Optimizing Tolerances for Chain Link and Bolt Connections: A 3 Sigma Approach

[f00drunner]

My problem is as following. I have a chain with "n" transitions between the chain link and the bolt. Now the whole chain rests without strain and you pull it, it elongates "x" millimeters.

I have to calculate the maximum accepted play of each transition between a bolt and a chain link in relation to "n" and "xmax" with a probability of 3 sigma.

So for example I have a chain of 15 transitions, the chain is allowed to elongate 0,4 mm, how much play is the maximum for each borehole/bolt.

I am honestly lost at this. I tried googling it for honestly two hours, but it seems like I have no idea what I am even looking for.

 

[Bystander]

"n" transitions between the chain link and the bolt.

Google "quadrature."

 

[f00drunner]

Residual sum of squares being the one?
Sorry if I seem dumb or not proactive enough, but I am honestly at a loss, tried reading 10 page articles and much more, but I just don't seem to grasp the full problem.

 

[bsheikho]

So it seems your worst case scenario shouldn't exceed 0.4mm, so you would need to assume ALL the links are not perfect.

 

[f00drunner]

Exactly, that is also what I already have written down here. Problem is that I also need the solution for a probability of 3ς (=99,7%), which is a problem I have trouble solving.

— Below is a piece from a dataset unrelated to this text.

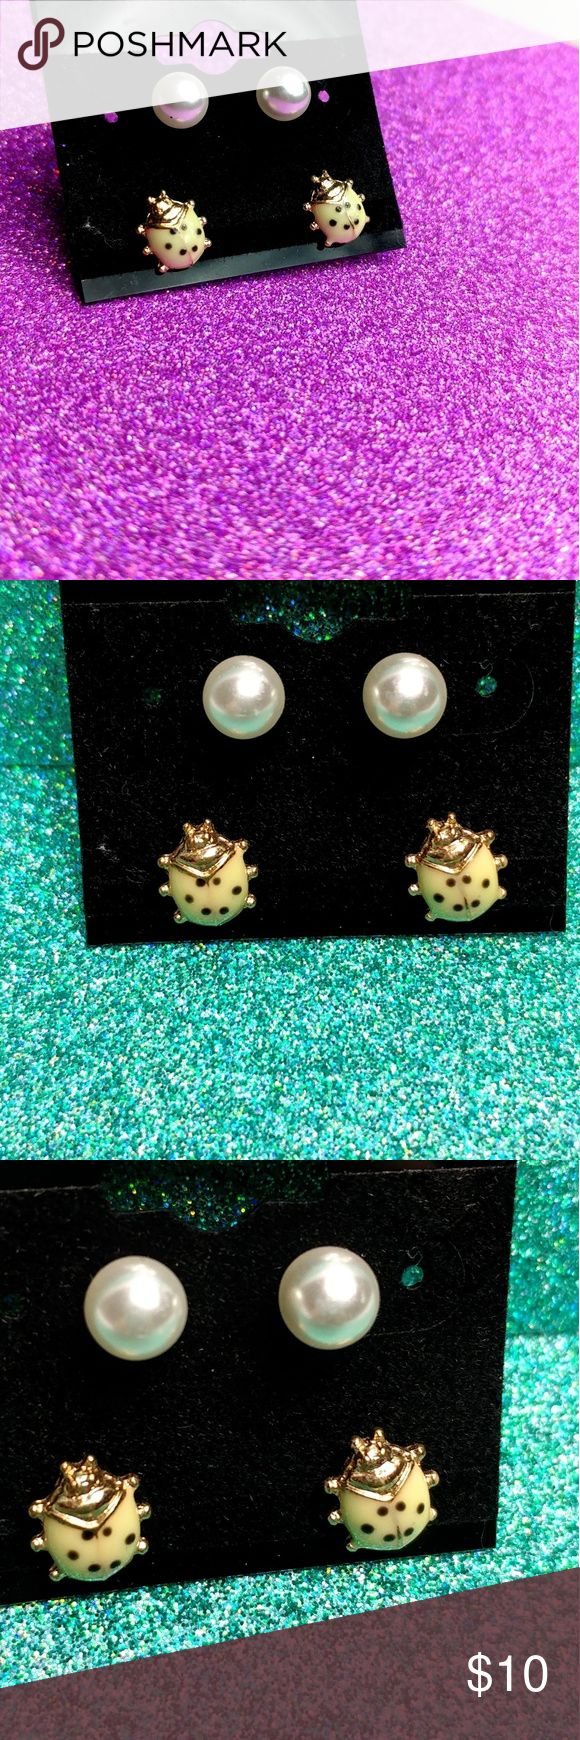 Sensitive Ears Pearl And Lady Bug Stud Earrings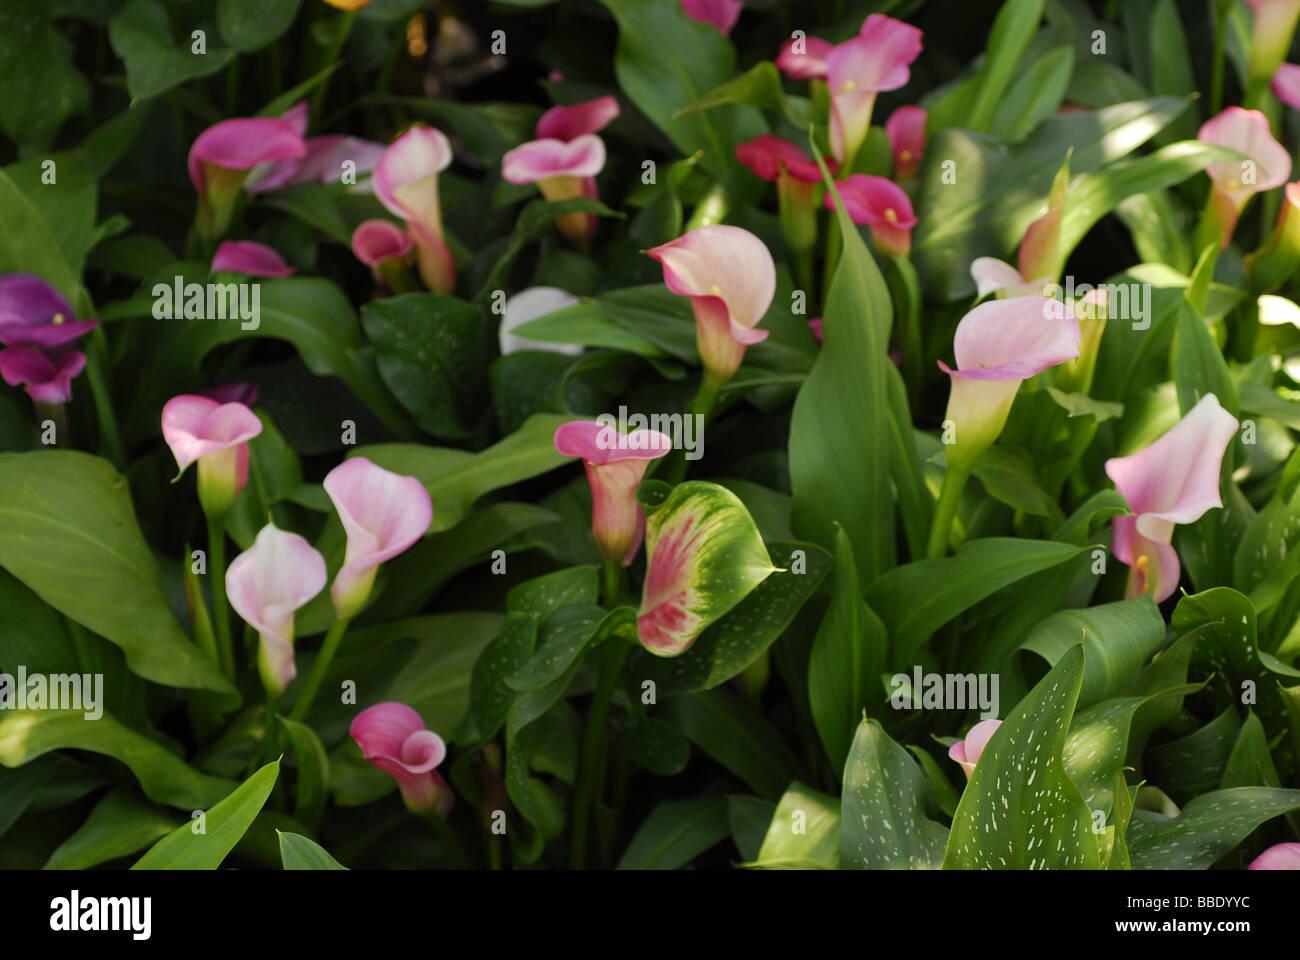 Zantedeschia aethiopica, calla, Araceae, South Africa - Stock Image

Edit: I just reread my posts and saw that I didnt really elaborate on the kicker of the problem.
I am all focused on tolerances. Let's say the bolt has a diameter of 10-0,4mm and the hole a diameter of 10+0,4mm, the play ranges from 0...0,8mm. Both dimensions are gauss-distributed around the middle of the tolerance (so the bolt around 10,2mm). Now I feel like the problem is a lot clearer.

 

[bsheikho]

I'm trying to learn from your example myself. Couldn't you define your 3 sigma point (or 3 standard deviations away from the perfect) as being your worst but acceptable tolerance. And your mean as the perfect scenario.

 

[f00drunner]

That was what I was also trying to do. What really confuses me is that I have two tolerances per play that interact and have nothing to do with each other.

 

[bsheikho]

I guess each part would be manufactured differently, so each would have its own tolerance. But what you said makes a lot of sense, the hole with the positive tolerance, the bolt with the negative tolerance.

 

[Nidum]

http://www.mitcalc.com/doc/tolanalysis1d/help/en/tolanalysis1d.htm

 

[Bandit127]

How many degrees of freedom do you have in the bolt/link system? n
Your tolerance is 0.4 mm.
You tolerance per degree of freedom is 0.4/n. I will call this x for simplicity.

You have to fit 3 SD (99.7%) into x. So 1 SD = x/3. That is your tolerance. You can apply this symmetrically for bolt and link.

Introduce a manufacturing system (production plus measurement) with a CP of at least 1.

 

[f00drunner]

So what you are saying is, that If I want my chain to elongate less than 0,4mm over 15 links, I get an "x" (play per link) of 0,026mm.
So if i now want to achieve 3 sigma, i have to divide these 0,026mm by three?

From my understanding, shouldn't the 3sigma compared to a worst-case approach widen the tolerances?